The crash happens on address 0x10, which suggest a NULL pointer passed to area_check().
Given that other architectures and other arm machines don't have these problems, this issue looks gta02 specific.
Attachments (5)
Change History (11)
by , 12 years ago
Attachment: | SAM_1336.JPG added |
---|
comment:1 by , 12 years ago
I thought I may put some perspective acquired by a little bit of bisecting on the behaviour of the default mainline. This perspective may or may not be relevant to this specific ticket:
1711 crashes heap [#509] <= the symptom changes [large stack support] 1710 kernel panic (bad trap) 1708 kernel panic (bad trap) 1705 kernel panic (bad trap) 1699 kernel panic (bad trap) 1692 kernel panic (bad trap) 1689 kernel panic (bad trap) 1688 kernel panic (bad trap) <= first bad revision [uspace hash table] 1687 good 1685 good 1670 good, panics upon touching the touchscreen [first noticed on an earlier revision] 1641 decoder panic, reached compositor [the decoder bug fixed fixed in later revisions]
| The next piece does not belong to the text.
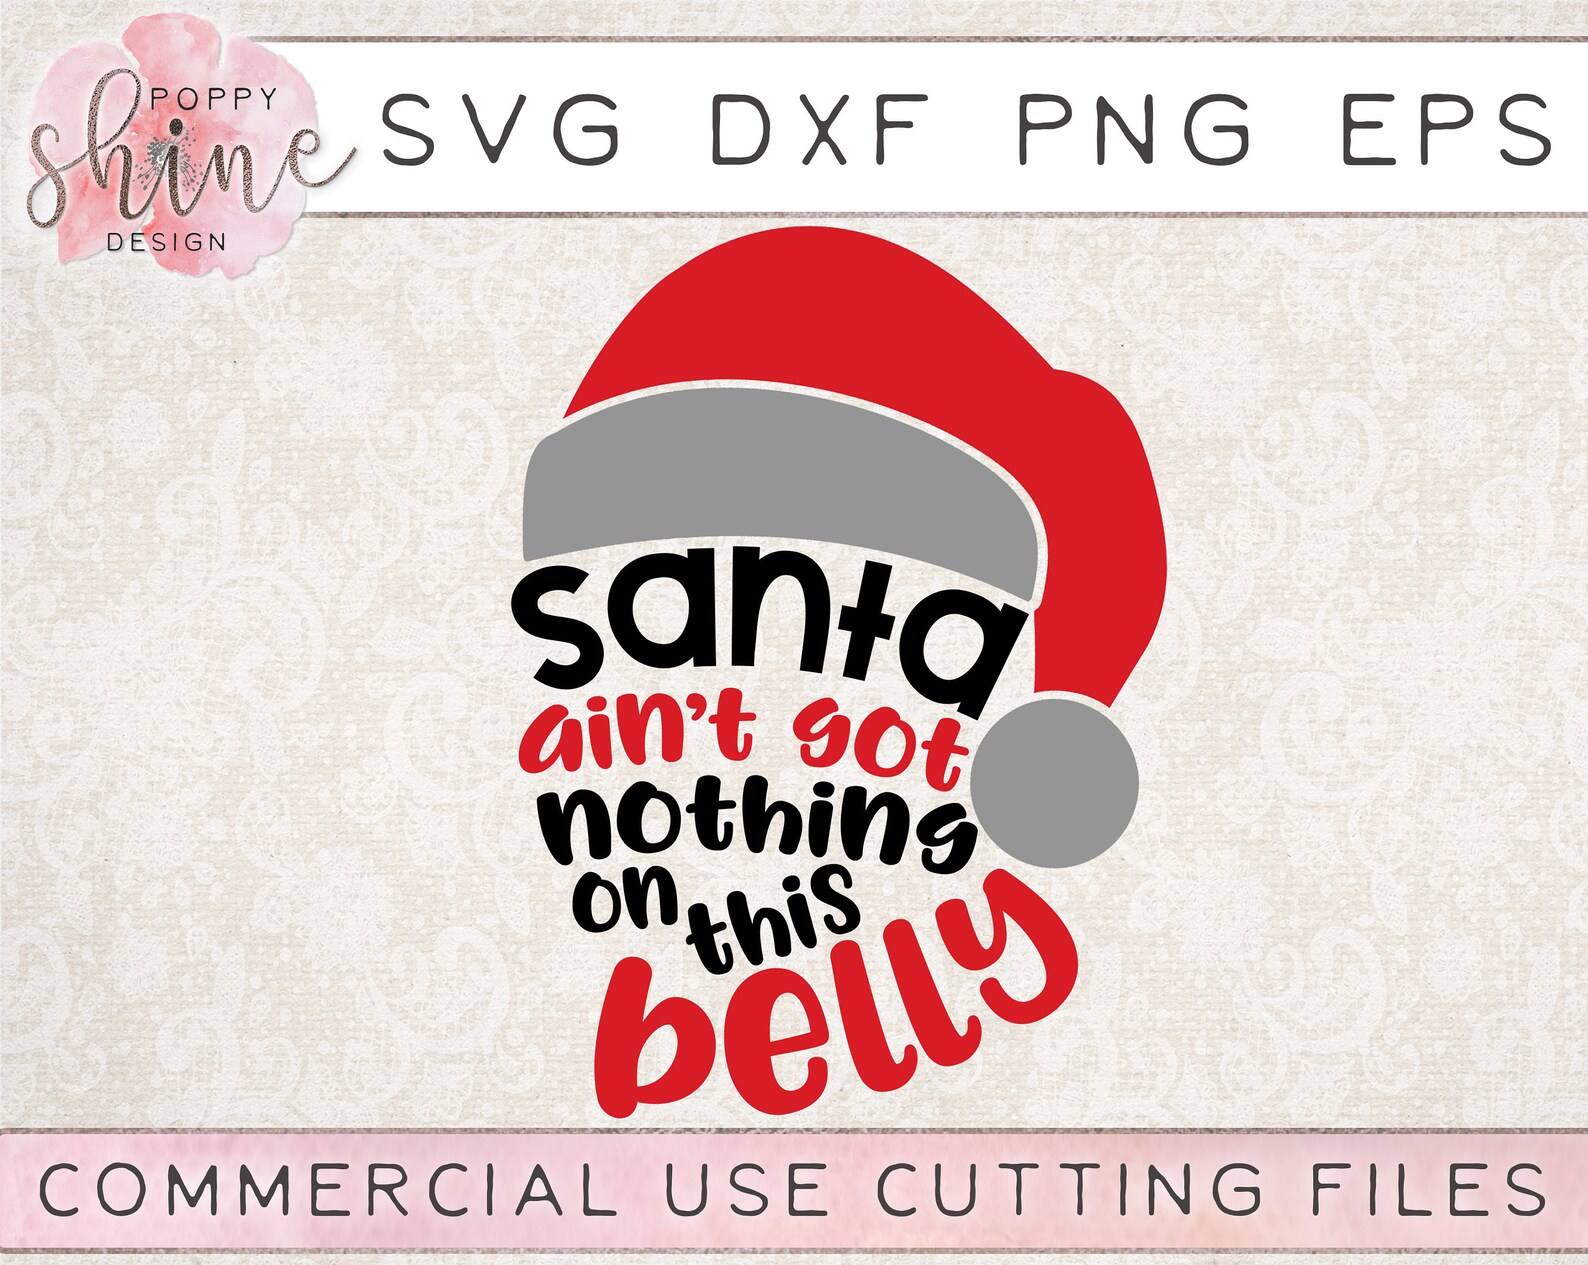 Santa Ain T Got Nothing On This Belly Svg Dxf Png Eps Etsy

So from the above it follows that #509 started to show with mainline,1711. Tested revisions before that, until mainline,1688 were consistently panicking in ipc_call_free() on a bad kernel trap. Revisions before mainline,1688 were known to be sometimes panicking upon a touchscreen event.
Unfortunately, this looks as if there has been a latent bug in the GTA02 support (other arm32 machines do not appear to be susceptible to any of this) which was only exploited by the above mentioned changes, namely mainline,1688, and, maybe, mainline,1711.
We should probably focus on the areas that are GTA02 specific to find the root cause of these issues.
comment:2 by , 11 years ago
As of mainline,2085, only barebone build boots on my gta02, exhibiting the above symptoms.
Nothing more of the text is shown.